The inflammatory versus anti-inflammatory signature, once better defined and validated, can then be used for monitoring the possible interference and alterations in the physiological response caused by nanomedicines in comparative experiments. Analogous models of 'pathological' inflammation (mimicking chronic inflammatory and autoimmune diseases) are being set up and validated in order to define pathology-related molecular signatures. These, in turn, will be used as reference benchmarks for evaluating whether the NP-induced changes can be associated with a pathology-related signature, thus allowing us to predict risk.

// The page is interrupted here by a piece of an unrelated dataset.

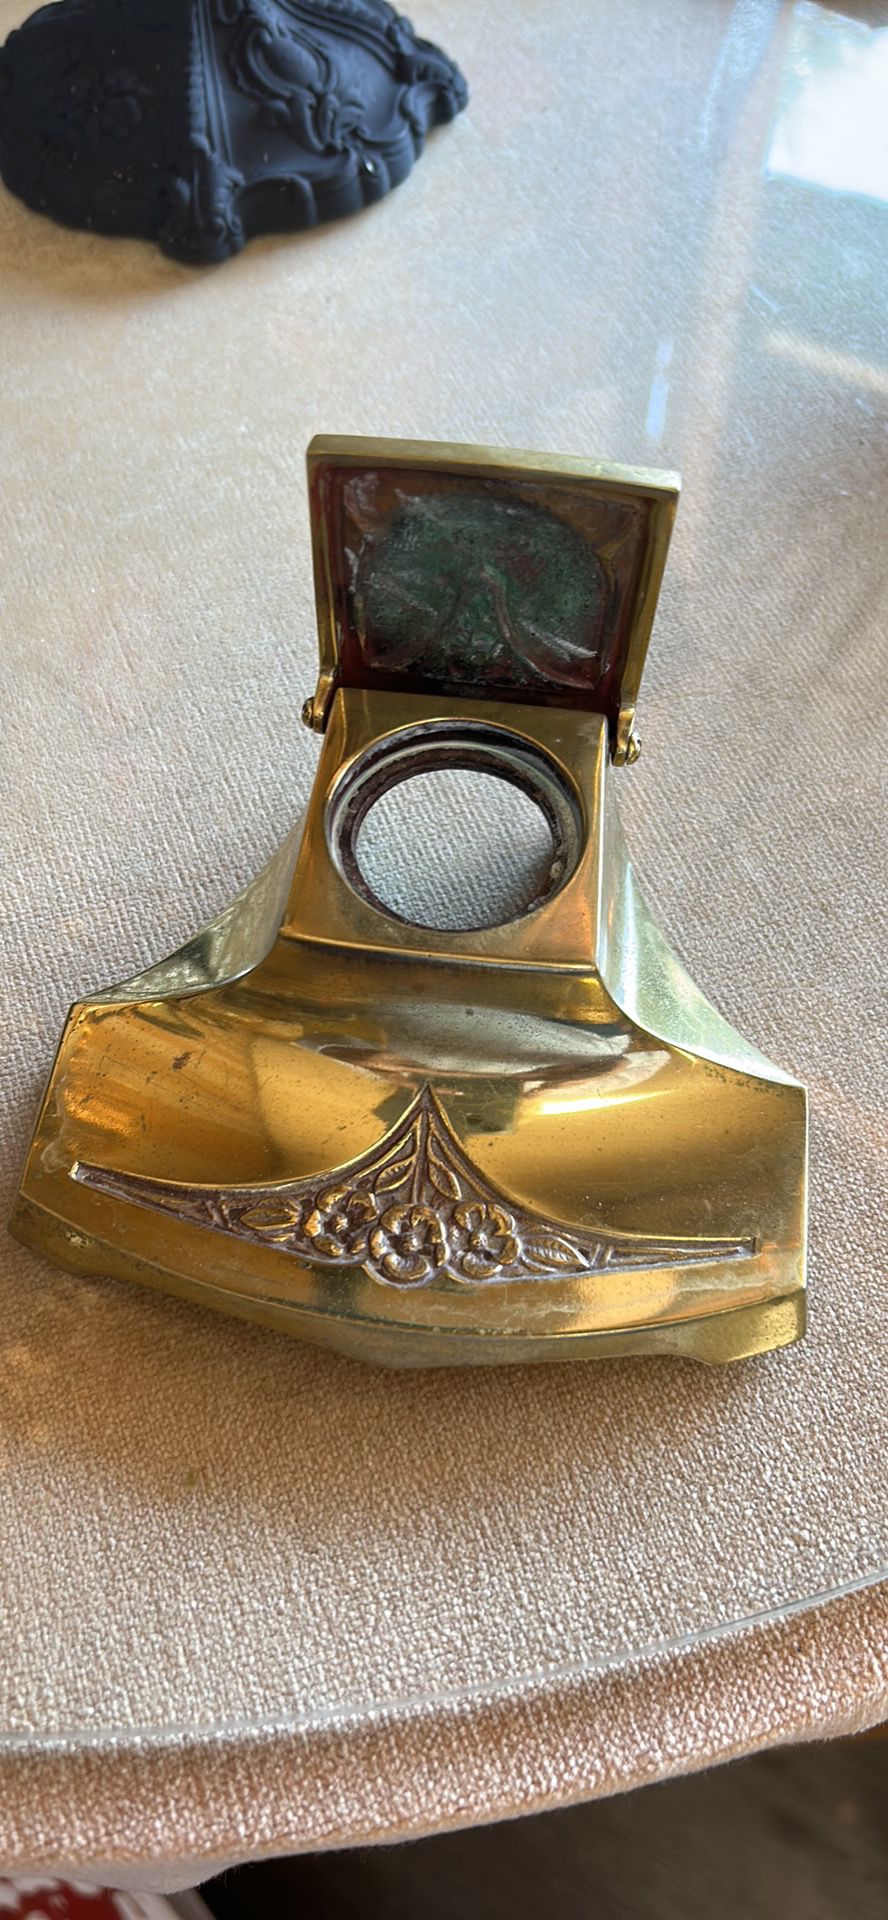 Antique bronze Inkwell missing glass insert

While for inflammatory monocytes a reliable in vitro model can be set up with a single cell type, in the case of barrier defense more complex models are required. Furthermore, in such cases, it is important that human primary cells are used, and that the architecture and the general condition of the tissue are reproduced. Along this line, for studying, for instance, the interaction between immune cells of the small intestine with ingested NPs, an epithelial layer should be set up on a suitable permeable substrate in transwell, intraepithelial lymphocytes should be introduced in the layer, macrophages and dendritic cells added to the lower surface of the substrate, synthetic mucus should cover the epithelial surface and the presence of the intestinal flora mimicked with killed bacteria. Only in these kinds of conditions can the interaction of NPs with the intestinal immune cells yield meaningful results. Studies in this direction are being performed, and are paving the way for a more reliable assessment of NP effects on human health.[51]
Nanomedicine. 2012;7(1):121-131. © 2012 Future Medicine Ltd.